Aryeh Gregor wrote:
On Tue, Mar 16, 2010 at 8:23 PM, Thomas Dalton thomas.dalton@gmail.com wrote:
Revisions were compressed individually? I thought they were concatenated and then compressed to take advantage of revisions of the same article usually only differing by small amounts (and so being highly compressible). I'm sure brion said that sometime...
My recollection is that this was the case, but it didn't help much, because articles are typically bigger than the block size used by gzip.
That compression scheme was called CGZ. It helped quite a lot, saving 85% or so compared to uncompressed plain text, IIRC. But the script used to do that compression (compressOld.php) was not compatible with $wgDefaultExternalStore, so it hasn't been run since 2005. Also it was single-threaded so it would have taken a very long time to complete.
The new compression script (recompressTracked.php) works with $wgDefaultExternalStore and various other storage type subtleties.
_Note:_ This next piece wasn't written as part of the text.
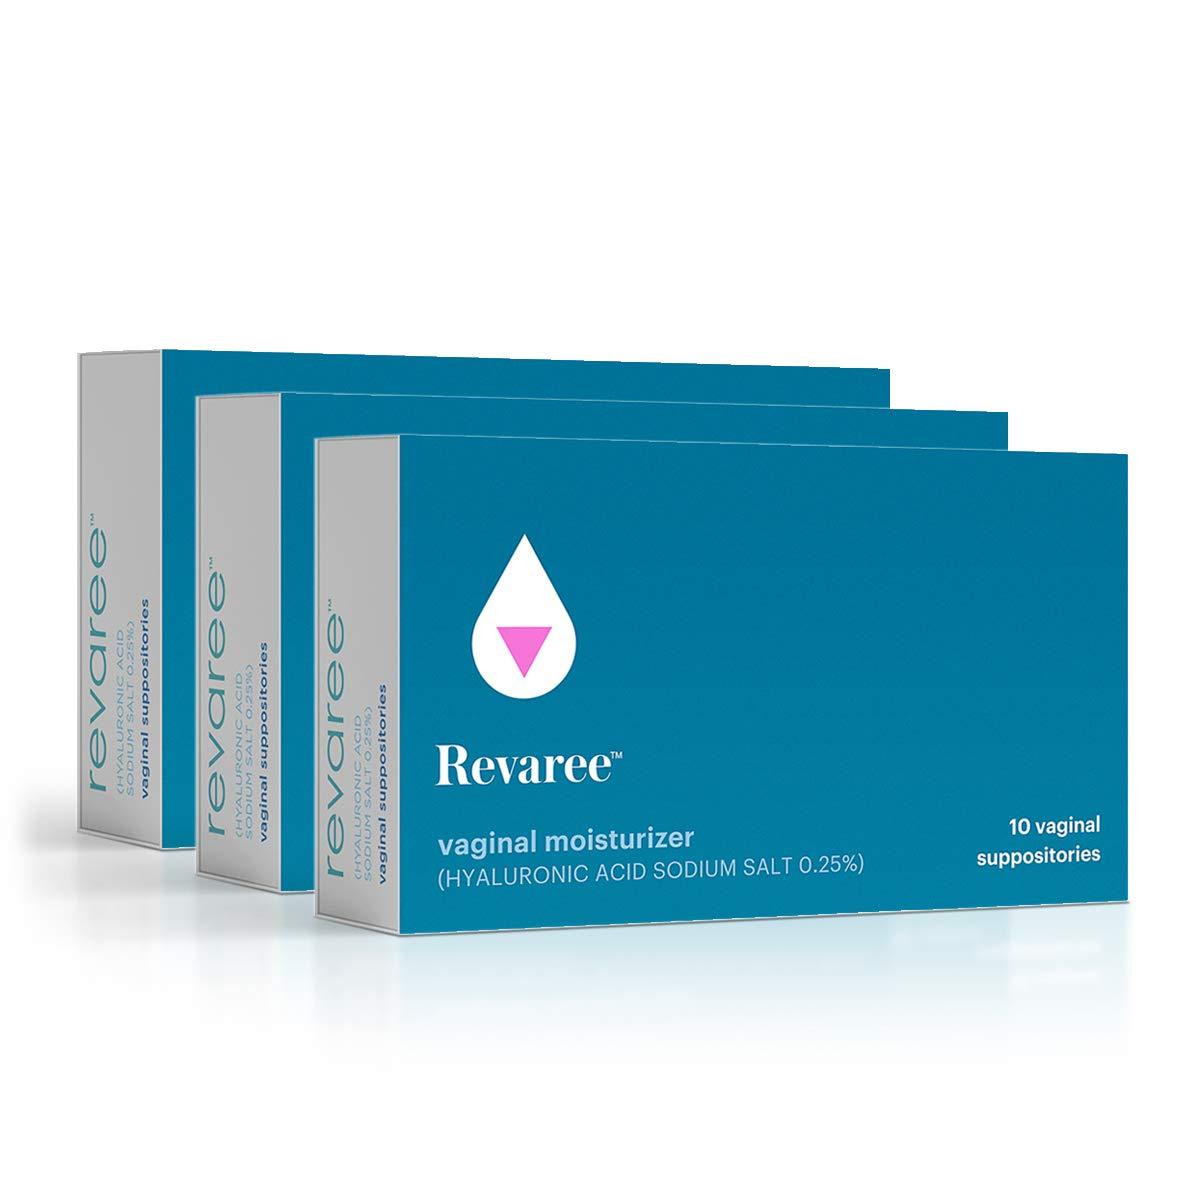 Bonafide - Revaree Hyaluronic Acid for Vaginal Dryness - Non-Hormonal, Paraben-Free (30 Vaginal Inserts) by Bonafide

It copies all text from a given set of source clusters to a single destination cluster, allowing the original clusters to be deleted. This is handy from a sysadmin perspective.
Also, recompressTracked.php is scaled up in various ways: it runs multiple worker processes in parallel, it's restartable, and it uses transactions to guarantee data integrity even if other processes are updating the same rows at the same time, or if the worker process is killed at any time.
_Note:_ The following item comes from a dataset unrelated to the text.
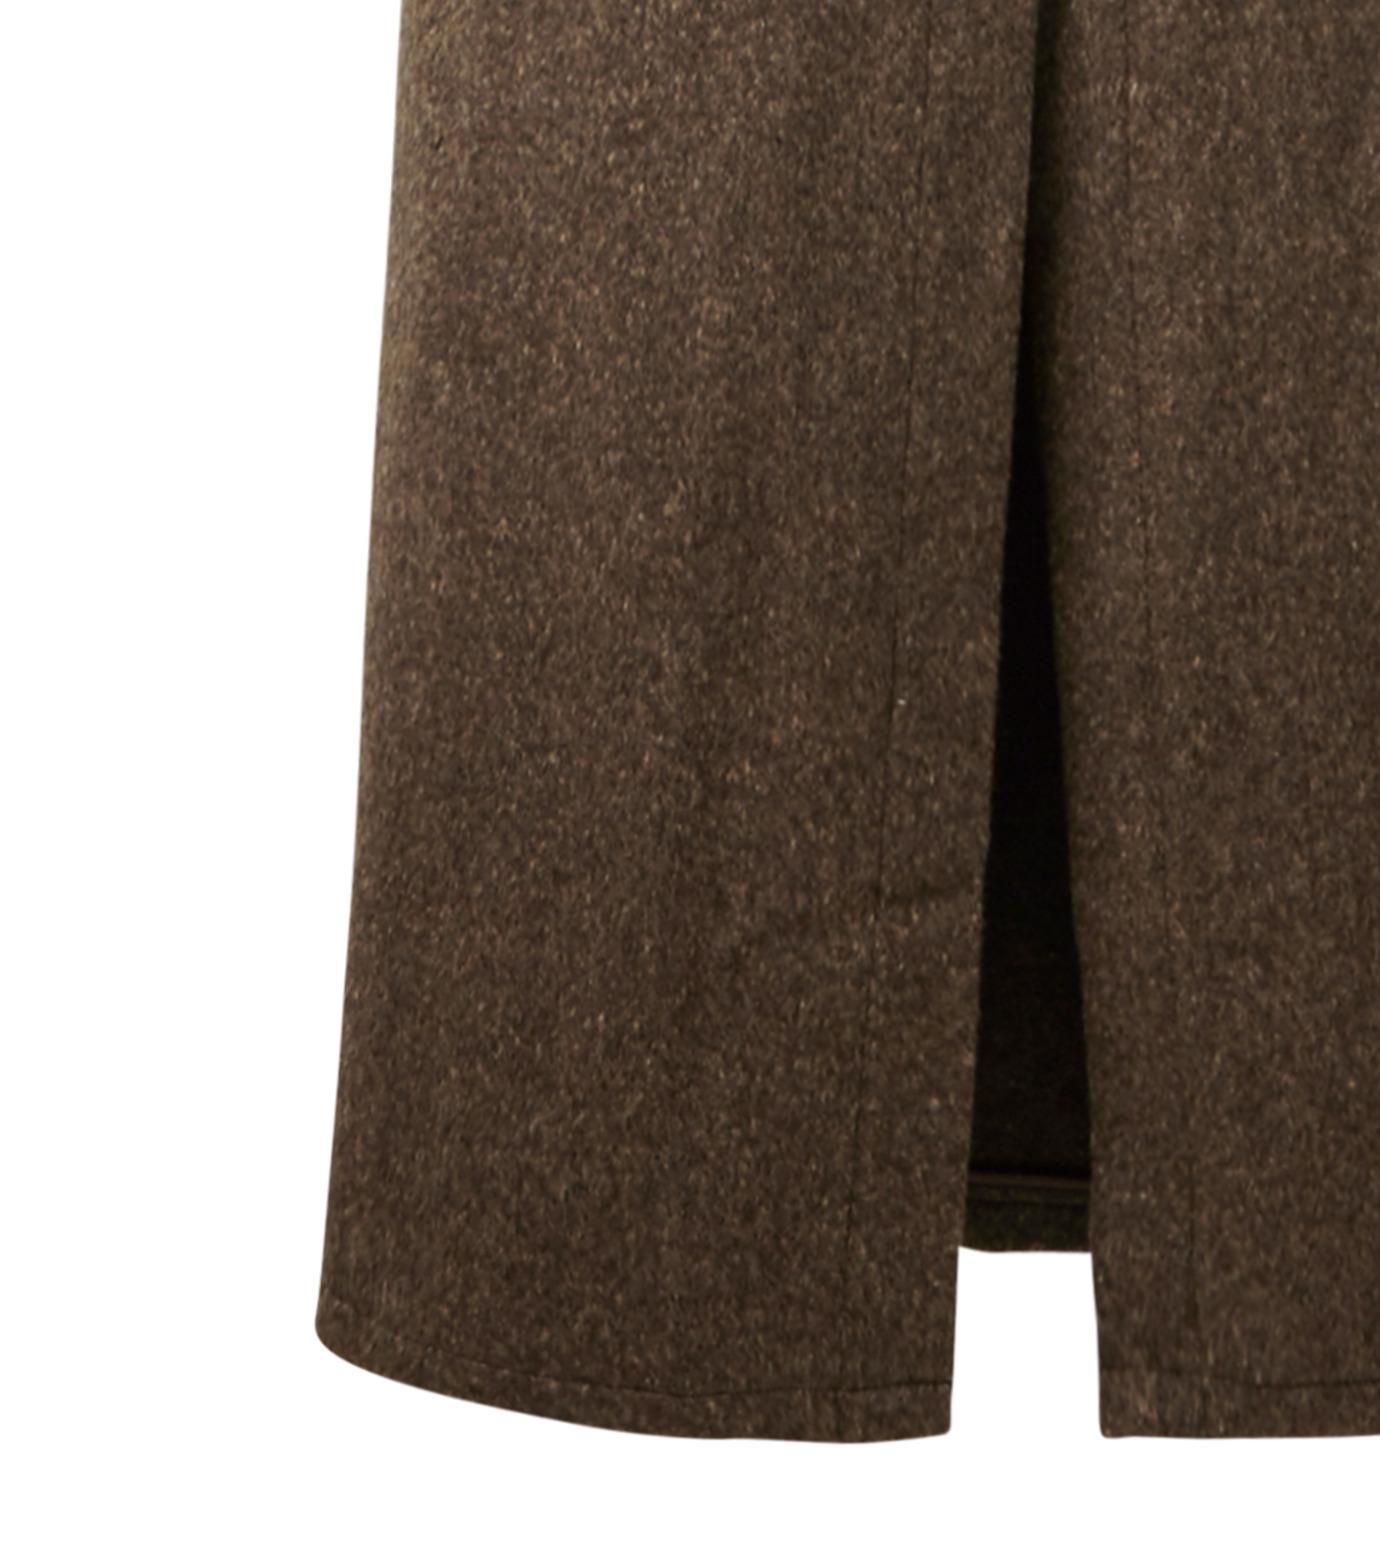 AKANE UTSUNOMIYA(アカネウツノミヤ)のNep Long Shirt Dress-DARK BROWN(ワンピース/one piece)-W16FT513008-43 拡大詳細画像4

The maximum dictionary size for gzip is 32KB. It was easy to see that the compression ratio in the CGZ scheme worsened dramatically once the article size exceeded 32KB, because subsequent revisions were no longer able to reference text in previous revisions. We have a lot more articles over 32KB in Wikipedia today, so the compression ratio would not have been as good as it was back in 2005.
The DiffHistoryBlob project was interesting, and achieved awesome compression ratios compared to CGZ. But it was relatively straightforward. Most of the work to make this happen was in the development and operation of trackBlobs/recompressTracked.
-- Tim Starling